The weight-regulating hormones leptin, which decreases appetite, and irisin, which mediates glucose metabolism, have both been shown to likely play an important role in the pathogenesis of obesity and regulation of adiposity in individuals with early-life adversities (Joung et al., 2014). This could explain why the same diets and exercise regimens may not be equally effective in reducing obesity in all individuals. Furthermore, obese individuals have acknowledged using obesity to reduce their sexual fears (Felitti, 1993). Nonetheless, correctional health care providers must remain vigilant in promoting healthy diets and exercise for inmates in order to do the most that is possible to counter physiological and psychological outcomes of childhood stress that contribute to obesity. Evidence suggests that female prisoners are supplied with diets designed for males with a substantial excess of total energy; and both male and female prisoners were provided diets high in carbohydrates with an excess percentage energy intake as fat, while sodium intake was about 2 to 3 times the recommended intake in prisons (Herbert et al., 2012). Furthermore, prisoners in high-income countries can purchase extra snacks, which tend to be high calorie, high carbohydrate, and salt rich, which further exacerbate this problem. Though they are costly, advocating for fresh fruits and vegetables in the diets of inmates may prevent longer term costs.
The amount and types of physical activity that occurs in prisons are not well documented. Yet promoting exercise is also an area where correctional health care providers can be advocates to reduce long-term obesity-related costs.

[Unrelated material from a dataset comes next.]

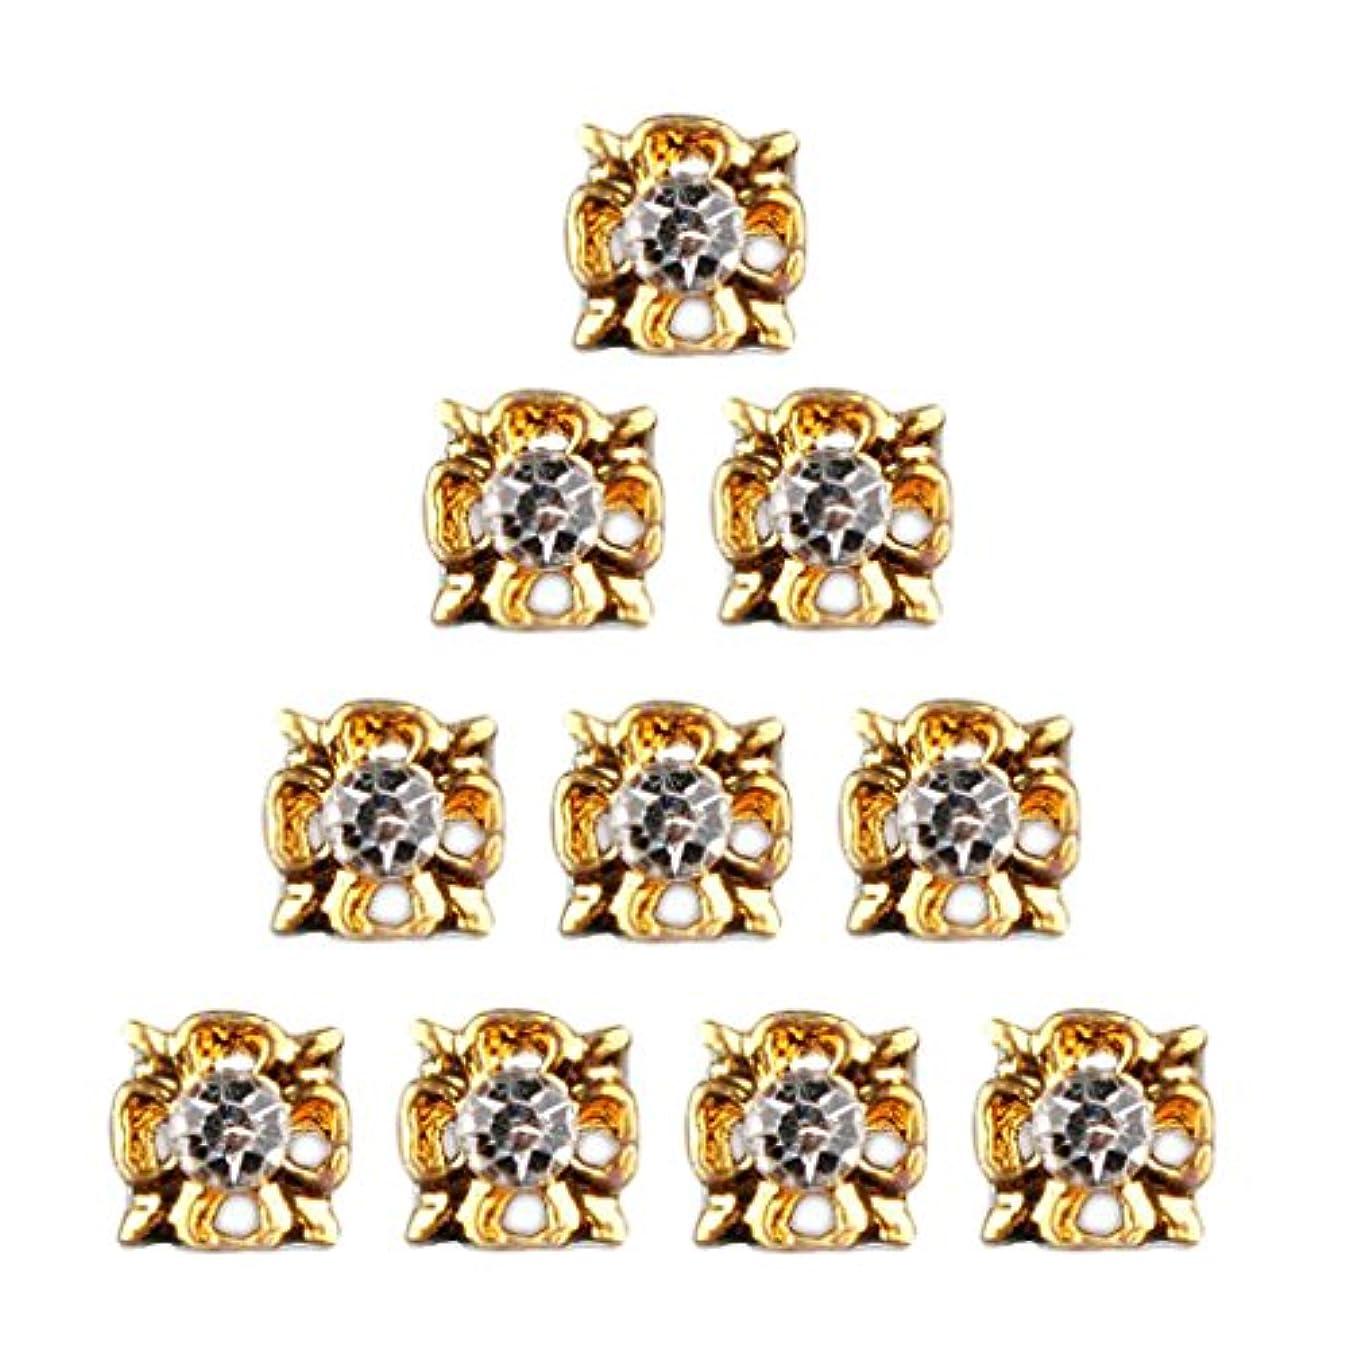 マガジン誘惑する賞ネイルアート ダイヤモンド ネイルデザイン 3D ヒントステッカー ネイルデコレーション 全8種類 - 4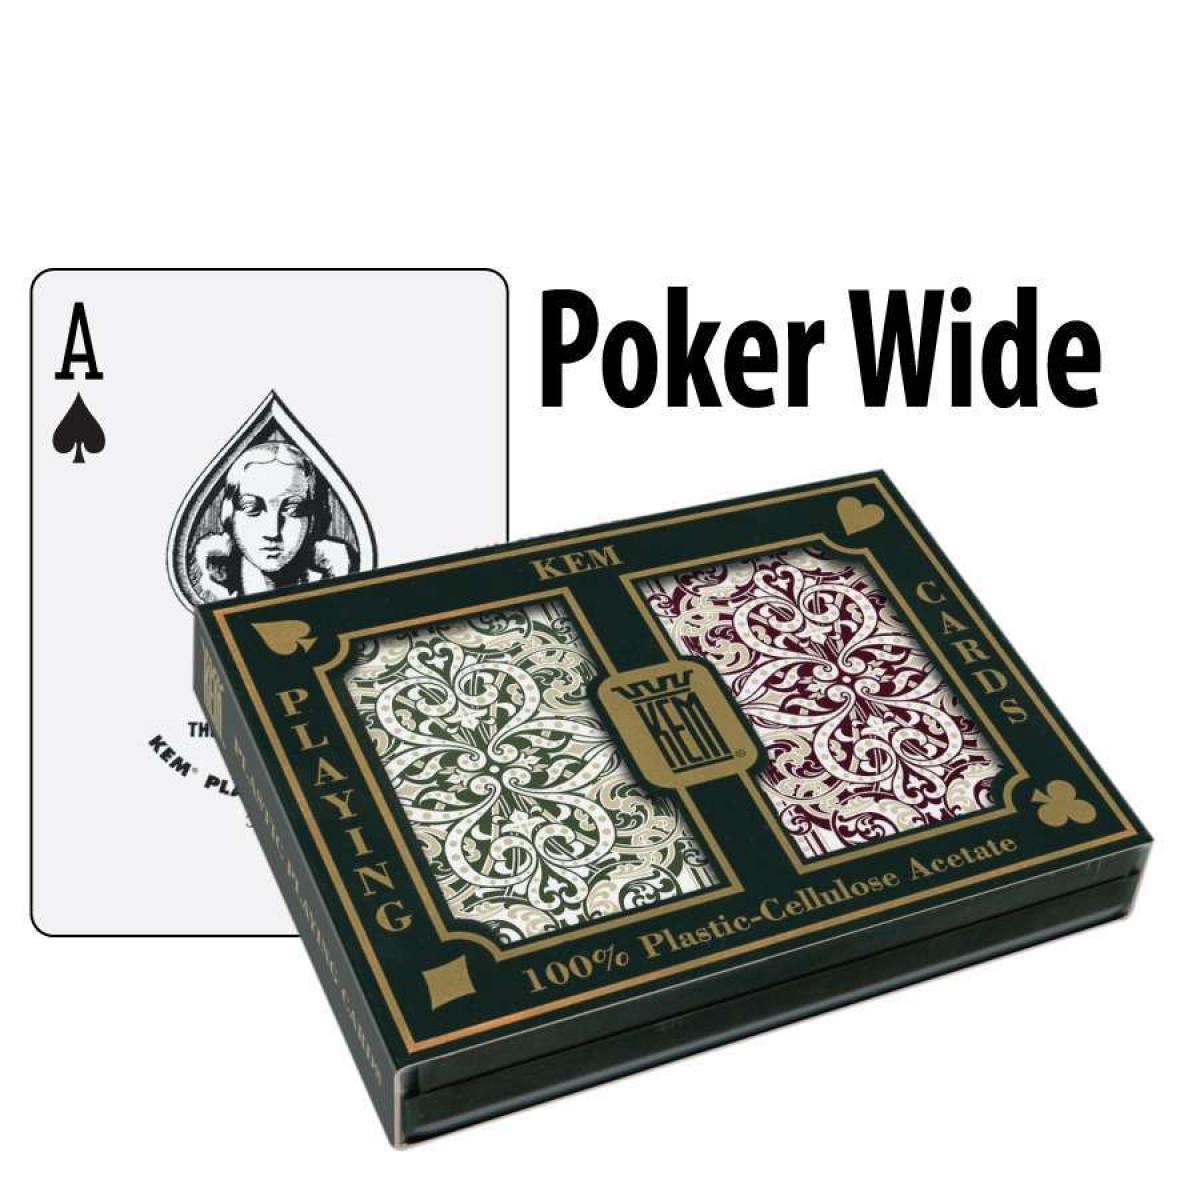 Kem Cards

Prevention of CSA and identification of victims as early as possible are necessary for providing an opportunity for the prevention of obesity-promoting behaviors. Confronting CSA is a difficult and complicated endeavor that goes beyond the scope of this article, though it has been addressed by others (Crosson-Tower, 2015). The high prevalence of mental health conditions and history of adversity, in addition to obesity and obesity-related ailments, underscore the physical and mental health care needs among inmates.
Limitations/Strengths
Although causality cannot be determined by this study design, these findings suggest that CSA and attempting suicide are significant risk factors for adult obesity, especially for older female non-Caucasian prison inmates. Though prospective studies are preferred over retrospective recall during onetime interviews, the cross-sectional cohort design of this study is less costly and less time-consuming. Childhood adversity such as CSA, drug dependence, and suicide attempts did, however, occur in the correct temporal sequence prior to our measurement of adult obesity. Further prospective studies are needed.
In addition, it was not possible to determine an accurate length of time that each participant was incarcerated prior to this interview. This was because some served jail or federal prison time that may not be accurately accounted for in these state prison records. Others were juveniles at the time of incarceration where information was managed differently than it was after they became adults. When an inmate is paroled then violates parole and is reincarcerated or when sentences are revised, this leads to erroneous ‘‘time served’’ estimates. Future prospective studies could address this.
This current study is, however, strengthened because participants did not know that their responses would be evaluated in relation to their BMI. Furthermore, there was no secondary gain to provide false information because inmates were informed prior to participation that their responses would have no influence on their parole or anything related to their sentence or treatment at the prison.
Conclusions
To prevent costly obesity-related health problems in prisons, it is critical to prevent and address obesity in this population by recognizing those at risk. To the best of our knowledge, this is the first study to evaluate obesity in both genders of incarcerated prison inmates and the relationship between obesity and prevalent problems in prisons, such as TBIs, other mental health conditions, and childhood adversity, in order to identify those at risk for obesity. Obesity is especially prevalent in older women who are not Caucasian. CSA is a very serious, prevalent problem that could potentially be contributing to obesity and costly obesity-related conditions throughout the life span. Suicide attempts indicate risk for obesity most likely because suicide attempts are significantly related to CSA and are indicators of self-deprecation that may result in behaviors leading to obesity, such as self-medication coping with emotional eating or food addiction. Obesity also may result from metabolic conditions and developmental neurobiology associated with CSA. Furthermore, drug dependence may have similar neurobiological pathways as food addiction, explaining links to obesity.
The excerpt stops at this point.